Task prompt: Begin at the line containing "Nahaufnahme Weißes Mädchen" and restate it and each line after it exactly, up to and including the last line below. Leave pictures out.
----
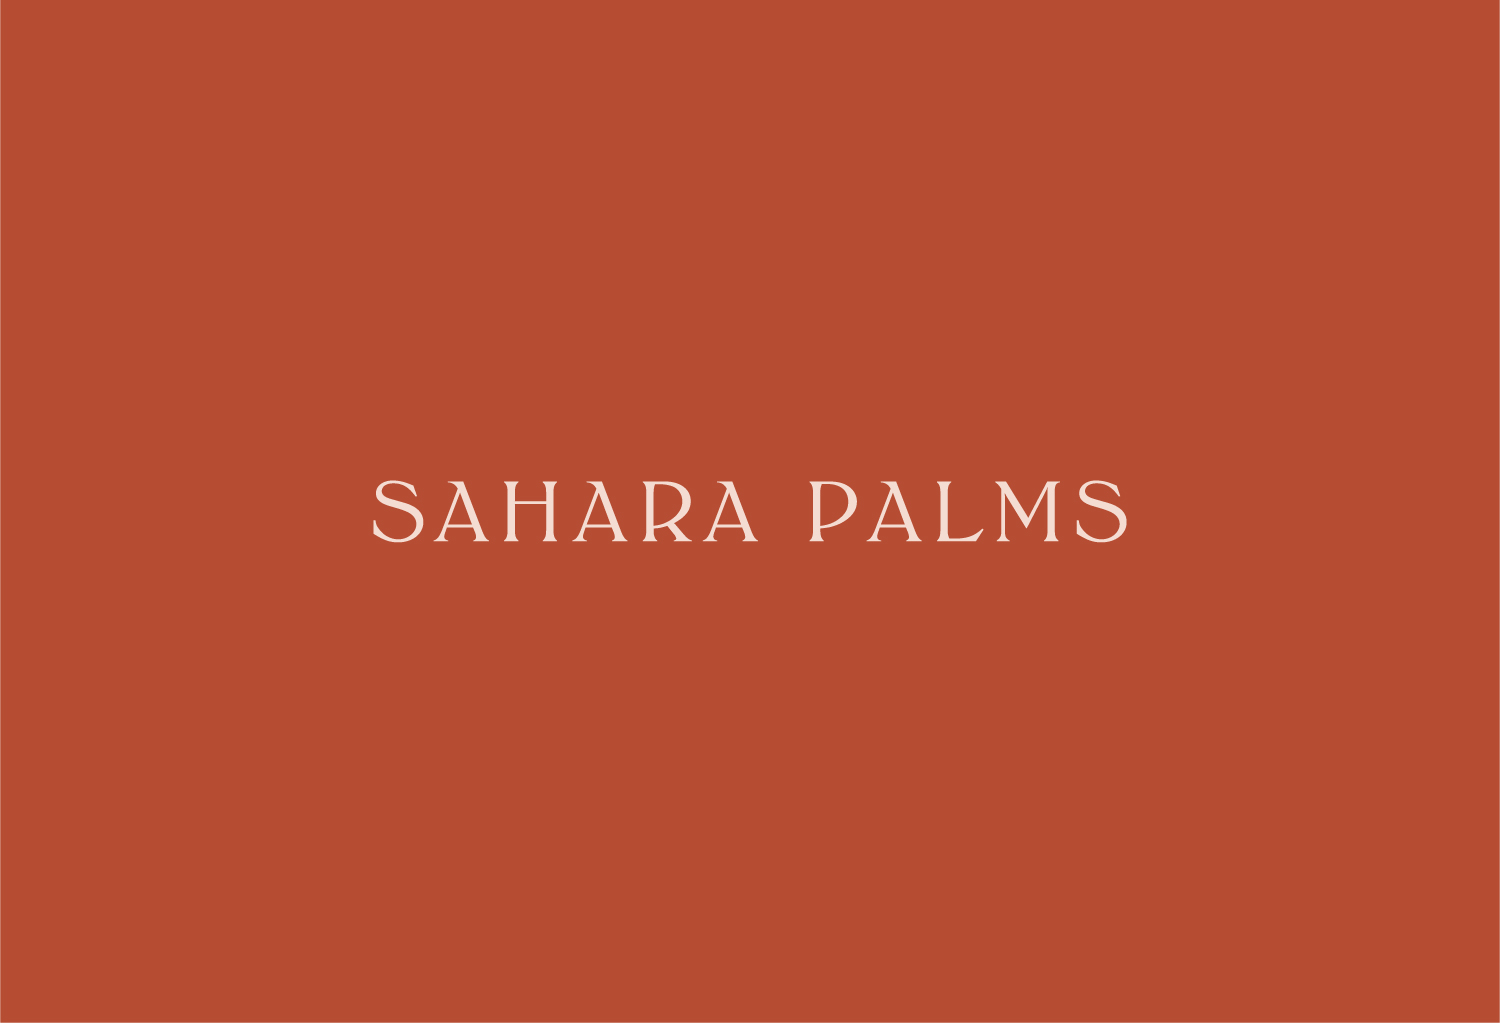 Sahara Palms logo by Now or Never Design
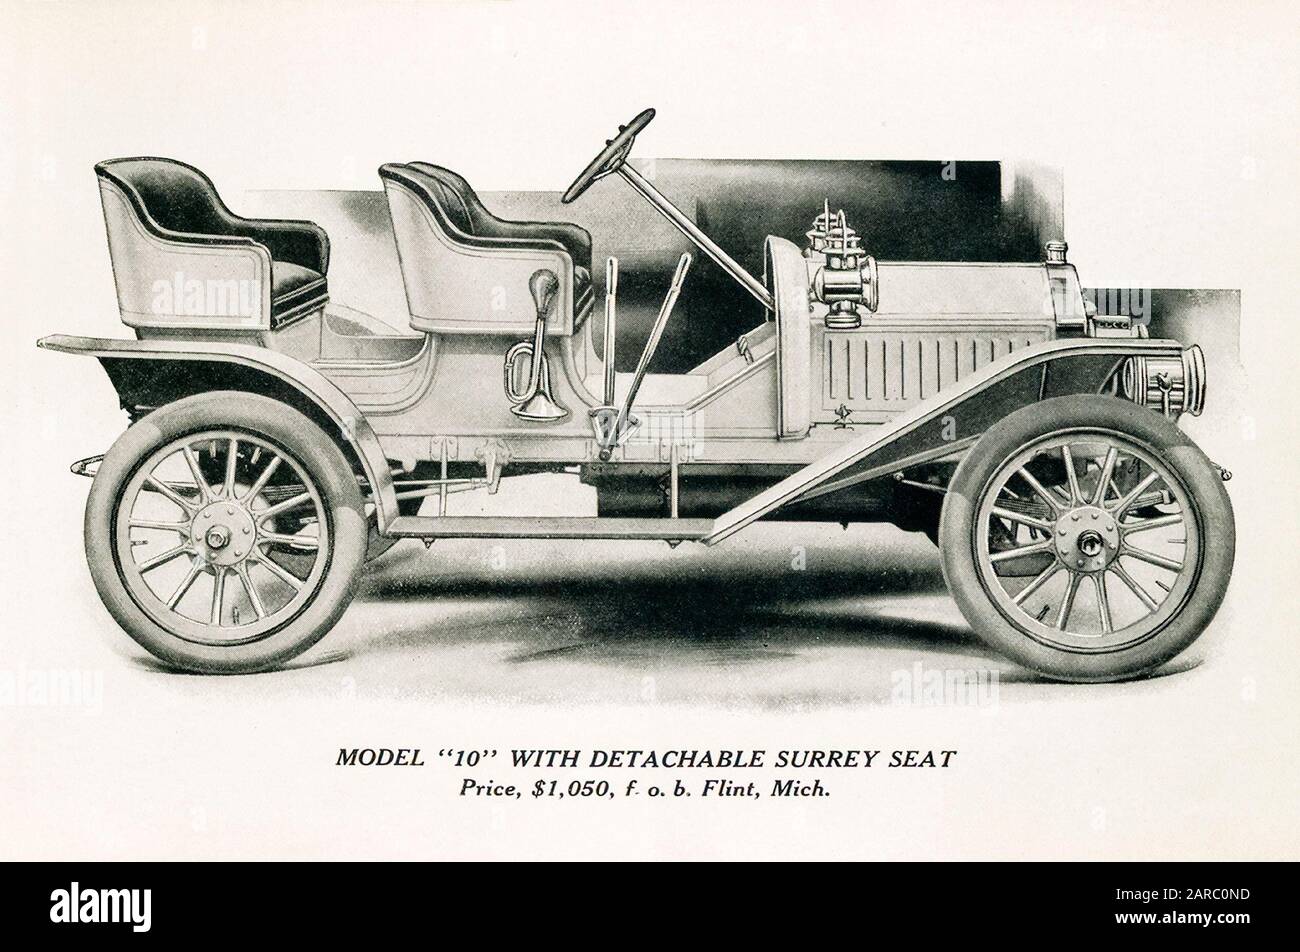 Vintage Car, Buick Modelo 10 con asiento desmontable en Surrey, Precio $1050, ilustración, 1909 Foto de stock
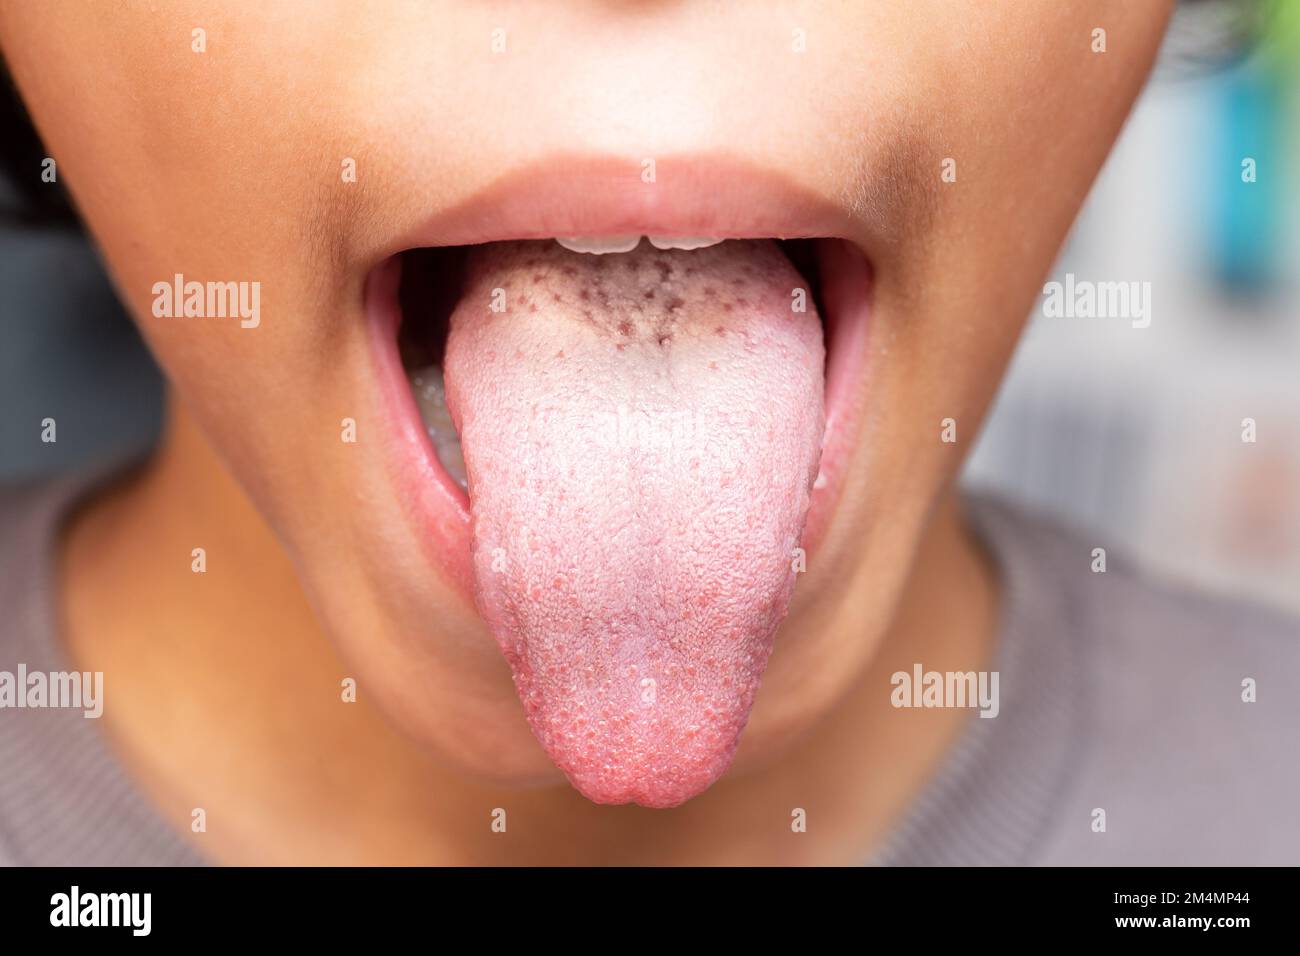 Nahaufnahme Weißes Mädchen zeigen ihre Zunge für Arzt Check weiße Zunge.Konzept für Symptome von Virus, Krankheit und Bakterien in Zunge Konzept Stockfoto
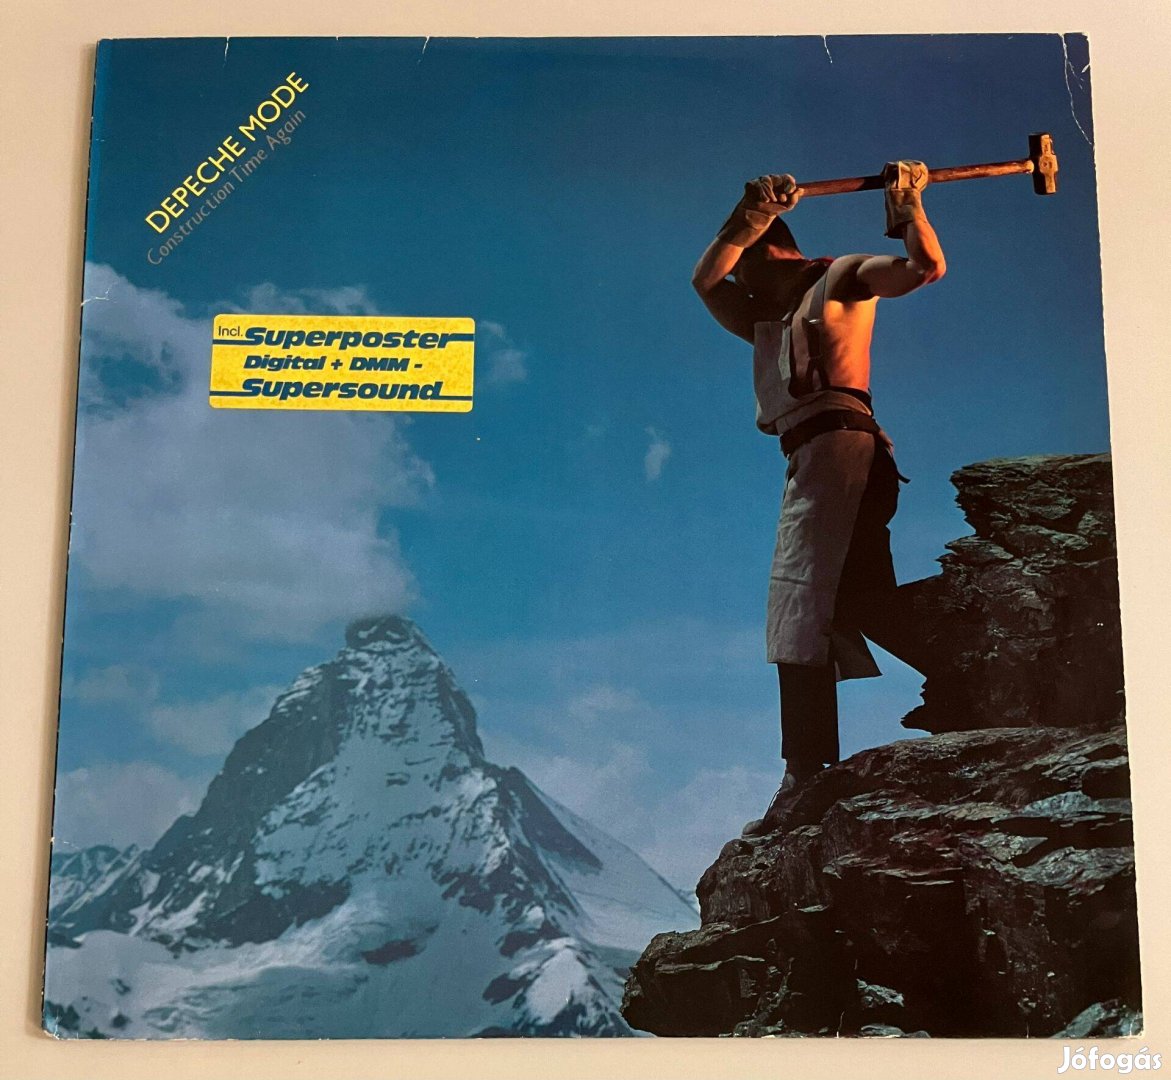 Depeche Mode - Construction Time Again (német, 1983)
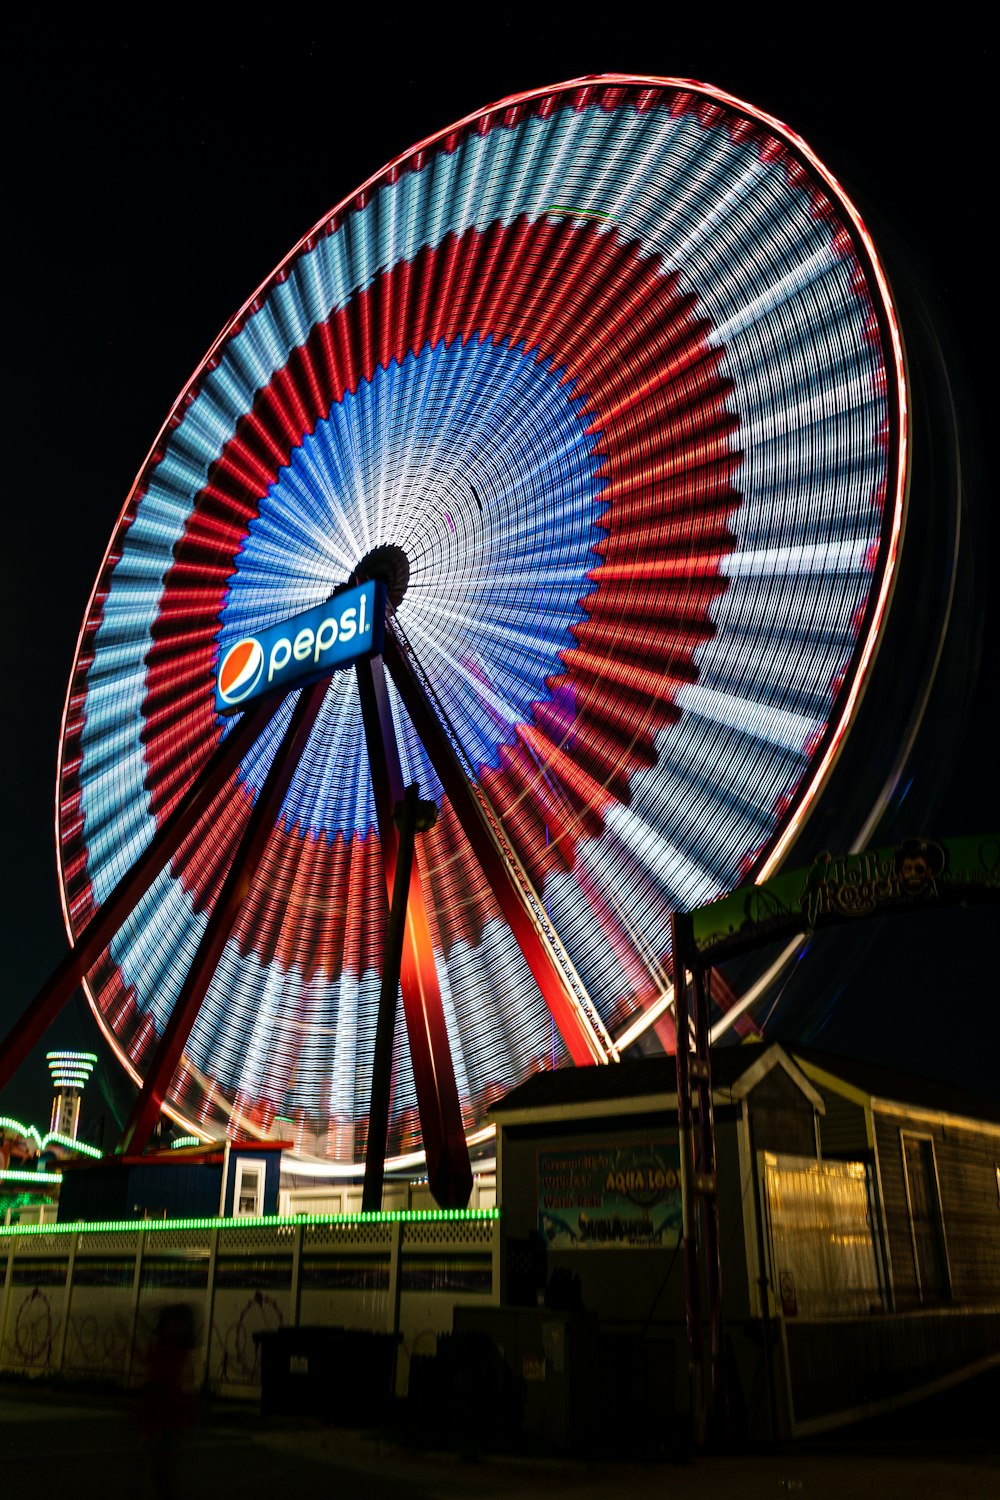 grande roue bleue, rouge et blanche pendant la nuit
----
Written response:
 Nahaufnahme Weißes Mädchen zeigen ihre Zunge für Arzt Check weiße Zunge.Konzept für Symptome von Virus, Krankheit und Bakterien in Zunge Konzept Stockfoto
 Depeche Mode - Construction Time Again (német, 1983)
 grande roue bleue, rouge et blanche pendant la nuit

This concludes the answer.